Karachi: Nishat Mills Ltd. (NML) has released its financial results for FY24, showing a significant downturn in earnings, which fell 48% year-over-year to PKR 6.4 billion, with an earnings per share (EPS) of PKR 18.1. This decline was largely due to reduced gross margins and a 51% increase in finance costs compared to the previous year.
According to AKD Securities Limited, the fourth quarter of FY24 saw NML earning PKR 1.0 billion (EPS: PKR 2.9), maintaining a flat growth year-over-year. The pressure from shrinking gross margins was somewhat mitigated by higher other income. The results surpassed expectations, primarily due to financial charges being lower than anticipated. Alongside its earnings report, NML announced a dividend of PKR 3.0 per share, which exceeded the projected PKR 2.0 per share.

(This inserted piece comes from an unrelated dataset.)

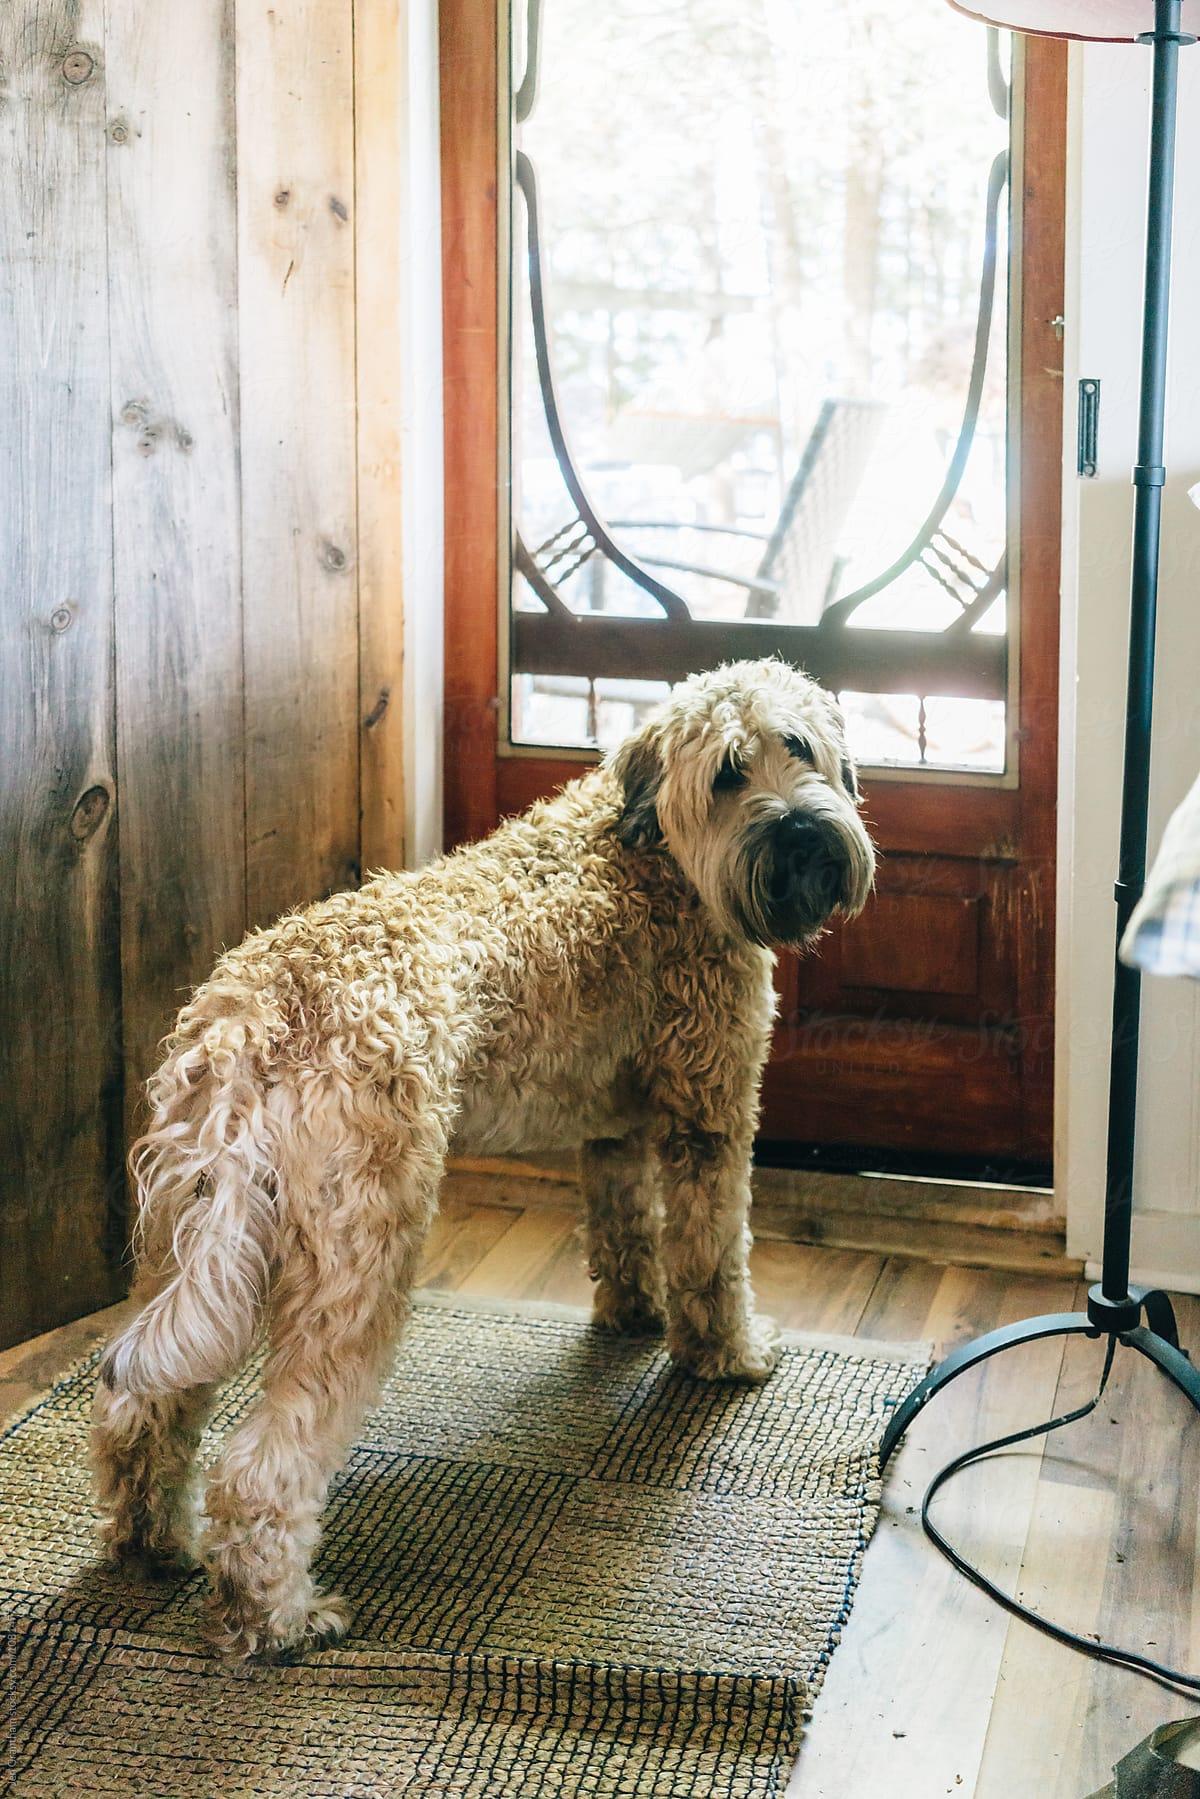 Wheaten Terrier Haircut Styles : wheaten, terrier, haircut, styles, Coated, Wheaten, Terrier, Outside, Cottag, Grantham, Stocksy, United

Sales in the fourth quarter amounted to PKR 40.0 billion, marking an 8% increase from the same period last year, fueled by a rise in exports. Pakistan Bureau of Statistics, the country's value-added exports grew by 10% year-over-year during this period. However, gross margins contracted to 10.5%, down from 13.0% in the same period last year, primarily due to lower international selling prices and high cotton costs.
Other income for NML increased by 30% year-over-year to PKR 2.6 billion, boosted by higher dividend income, including a 50% increase in dividends from MCB, as well as dividends from NML’s power subsidiaries and associates such as NPL, PKGP, and LPL.
Finance costs showed a slight decrease of 2% year-over-year to PKR 2.4 billion, lower than the anticipated PKR 2.8 billion. This reduction is attributed to a decrease in the company's borrowings, which stood at PKR 77.9 billion (debt-to-equity ratio: 0.75) as of the March 2024 financial statements. Further details are awaited.
AKD Securities maintains a 'Buy' stance on NML with a target price of PKR 140 per share for June 2025, suggesting a potential upside of 123%.